Monday, 7 May 2012

The Fisherman's Retreat, Ramsbottom

Every time we go to the Fisherman's Retreat, I feel like I'm returning to an old friend. We've been going for a few years now, and during that period it's changed from a country pub in the middle of nowhere to a rather swish venue indeed. The new dining room overlooks the hillside, with floor to ceiling windows covering the end of the building.
As well as serving up some cracking food, they also specialise in whisky (they have a room dedicated to the stuff) and real ale. The site started as a fishery, and the restaurant developed from that. Well, I suppose fishing is cold and wet work. I'd rather just stay in the warmth to be honest...

The family who run the Fisherman's Retreat have a strong ethos when it comes to the food they produce. Everything on the menu is home made, and most of the meat home reared. The rest is picked from local farms. The meat is butchered on site to their required specifications, and everything is hung for at least 6 weeks. 

We always struggle for something to do on bank holidays. Generally we find ourselves eating out, so why change the habit of a lifetime? We were on the hunt for warming comfort food. It might well be May, but no-one told the weather!

My husband had the oxtail soup to start. This by rights was more of a stew than a soup! It came with a tangy Lancashire cheese crouton. Absolutely perfect. Deep meaty flavour and a piece of cheesy bread saturated in the juice. Heaven.
I opted for the soup off the specials; creamy leek and potato. Again, this was really smooth and rich, and came with a chunk of cheese bread. Portion sizes are generous, but I was dealing with serious levels of hunger...
For mains, my husband had suckling pig roast and I had a 10oz gammon (you can pick from different sizes depending on your apetite). The pork came in a thick gravy with crisp vegetables. The gammon comes with arguably some of the best chips around! My only slight criticism is the fact they have changed their pepper sauce. The one they serve is absolutely gorgeous, but they used to do a really thick creamy one with pieces of red pepper in it. Bring back the old pepper sauce! 
The Fisherman's Retreat excel in two areas; meat (covered) and desserts. A while ago I found myself obsessed with bakewell tart. I mean besotted. I would hunt it down and travel to find the perfect example. See Gilbert Scott. I still think the Fisherman's bakewell is hard to beat. Sadly it is now missing from the menu... (note to Fisherman's Retreat, please send me the recipes for your pepper sauce and bakewell tart... and you'll not hear another peep about it!) 

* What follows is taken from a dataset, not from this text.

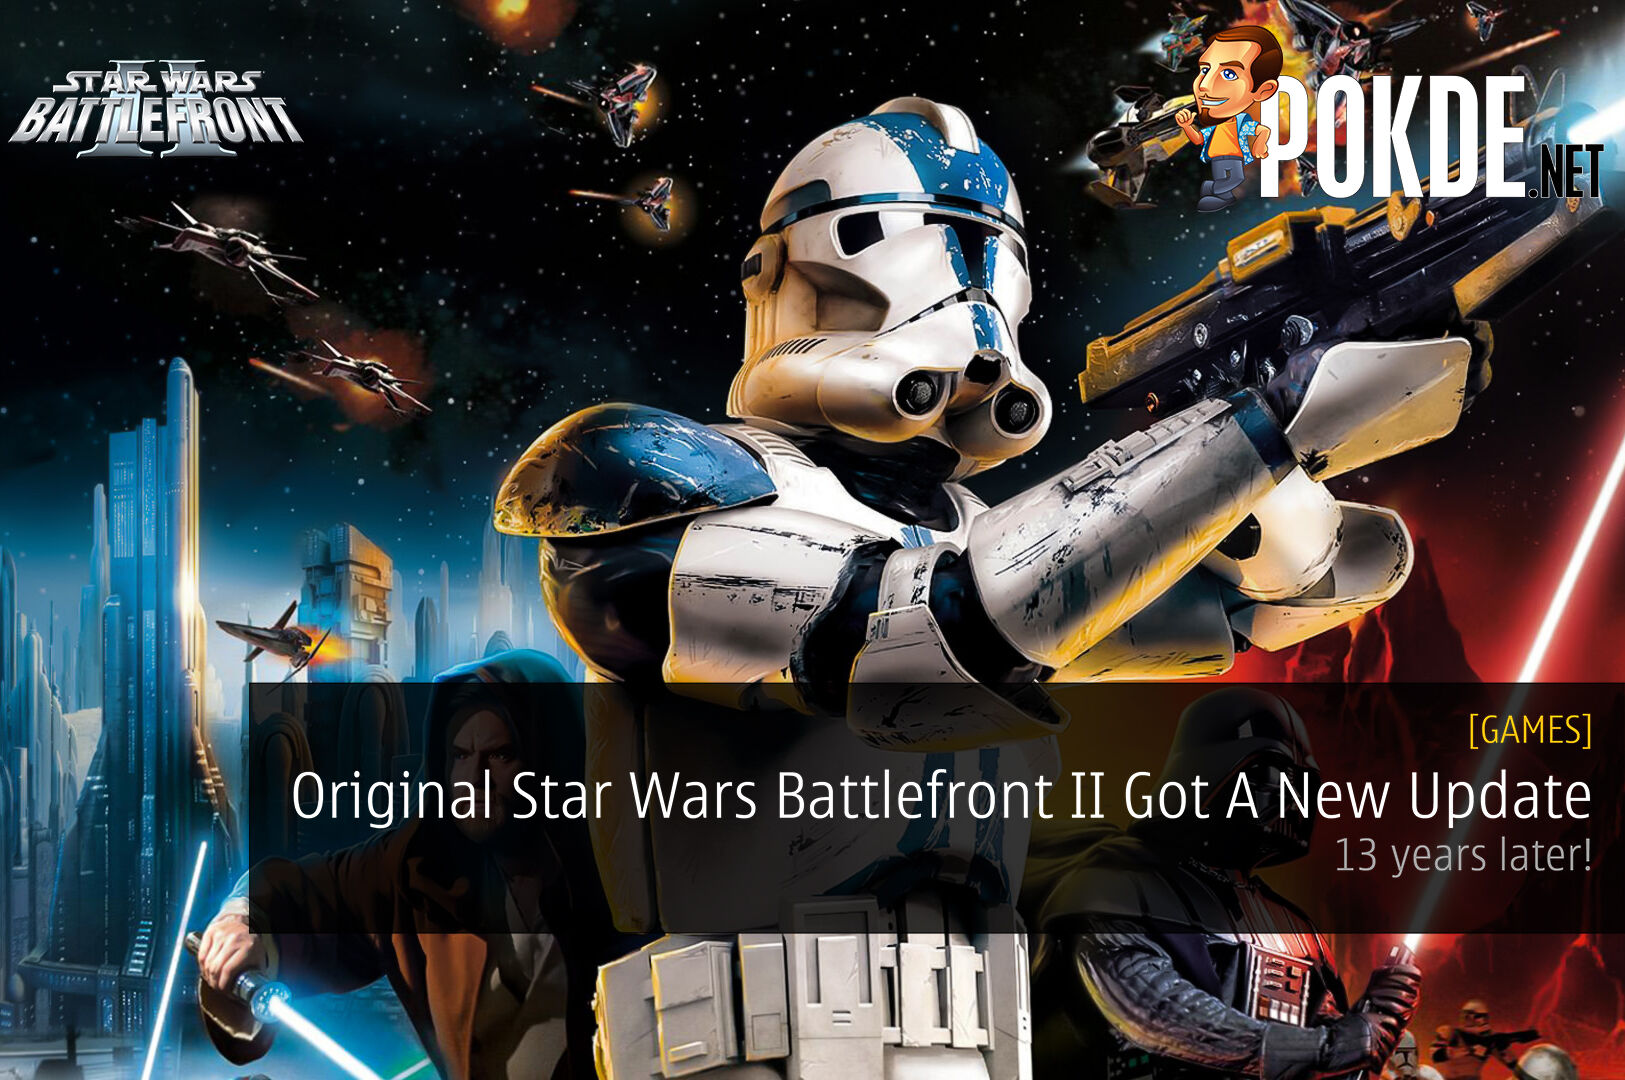 The Original Star Wars Battlefront II Just Got A New Update - 13 years later! 27

However, today we tried the sticky toffee pudding with custard and the white chocolate cheesecake. Regardless of restaurant stature, you'll find it difficult to beat these, really. The pudding is light and spicy, and the cheesecake smooth and tangy with a crumbly ginger base. 
My husband refused to leave without trying one of the real ales on the menu. He opted for Pendle Pride. Before he purchased a pint, the waitress brought a sample for him to try, and explained that it is stored in whisky casks so has a unique taste. It tasted like the ale has been next to some sort of fragrant fire! Not my bag, but he loved it! 
The Fisherman's Retreat is a long term favourite, so I'll definitely be back. Try it, you'll love it!

Disclaimer: The Fisherman's Retreat did not pay me to do this review. I did it because I'm rather fond of their gammon, and their desserts are second to none.